Observation data (J2000 epoch)
- Constellation: Boötes
- Right ascension: 14^{h} 54^{m} 31.48^{s}
- Declination: +18° 38′ 32.50″
- Redshift: 0.059210
- Heliocentric radial velocity: 17,751 ± 5 km/s
- Distance: 881.5 ± 61.7 Mly (270.27 ± 18.92 Mpc)
- Group or cluster: Abell 1991
- Absolute magnitude (V): 14.3

Characteristics
- Type: cD;BrClG
- Size: ~364,000 ly (111.5 kpc) (estimated)

Other designations
- NGC 5825, UGC 9590, Abell 1991:[AAV2011] BCG, CGCG 105-066, GIN 372, PGC 53279, MCG +03-38-050

= NGC 5778 =

Galaxy in the constellation Boötes

NGC 5778 is a large elliptical galaxy in the constellation of Boötes. The galaxy has a redshift of (z) 0.059 and it was first discovered by the American astronomer Lewis Swift in June 1886 who depicted it as faint and small, next to a star, and also discovered by the French astronomer Guillaume Bigourdan in May 1890. It is the brightest cluster galaxy (BCG) of the galaxy cluster, Abell 1991 and as such dominates the center.

== Description ==
NGC 5778 is a type-cD galaxy of Abell 1991. It is a radio galaxy containing a compact central radio source with a low radio power of 23.41 W Hz^{−1} and a total radio flux density estimated as 38 mJy based on observations made with the Very Large Array (VLA). It also contains a core-jet structure based on a high resolution radio map with a linear size of 8 kiloparsecs. A radio core has been detected and has a total flux density of 11.4 mJy.

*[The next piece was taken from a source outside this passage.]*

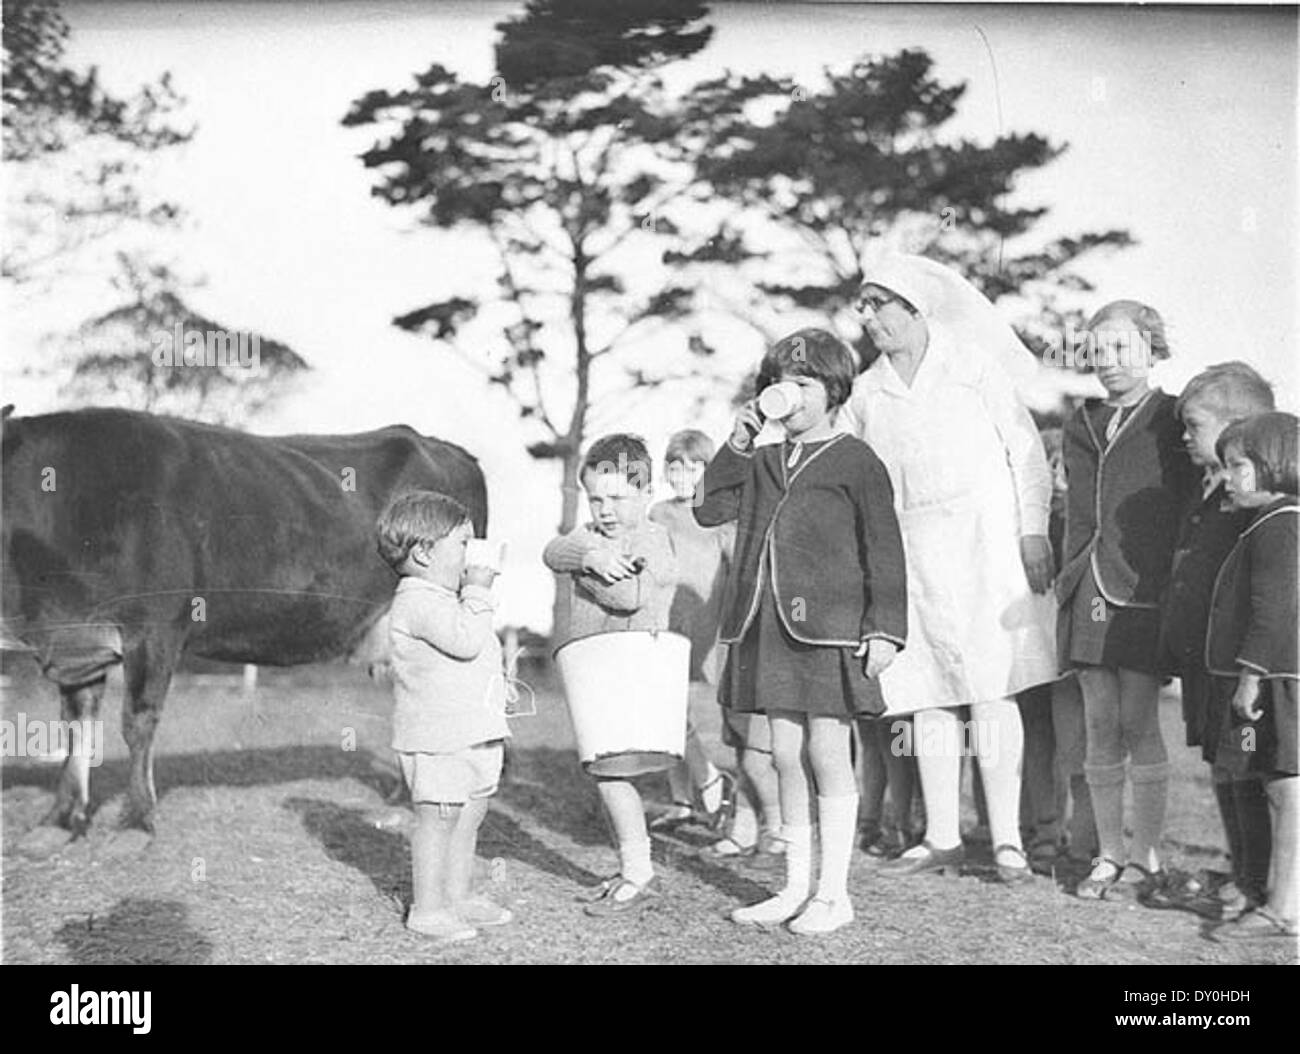 Как жили дети в 1930 годы. Австралийское детство. Мое австралийское детство. Фото австралийских волонтеров в начале 20 века.

The optical spectrum of the galaxy displays emission lines. The U – R and U – I color gradients of the galaxy are estimated to be -0.35 ± 0.06 and -0.23 ± 0.08 magnitudes respectively. The X-ray emission extends outwards by 180 arcseconds, with further detections of X-ray knot features located in the northern direction from its nucleus. The galaxy also has a calculated central velocity dispersion of 222 ± 8 kilometers per second with a total star formation rate that is less than 1.66 per year derived from its infrared luminosity. The stellar velocity dispersion is 279 ± 25 kilometers per second.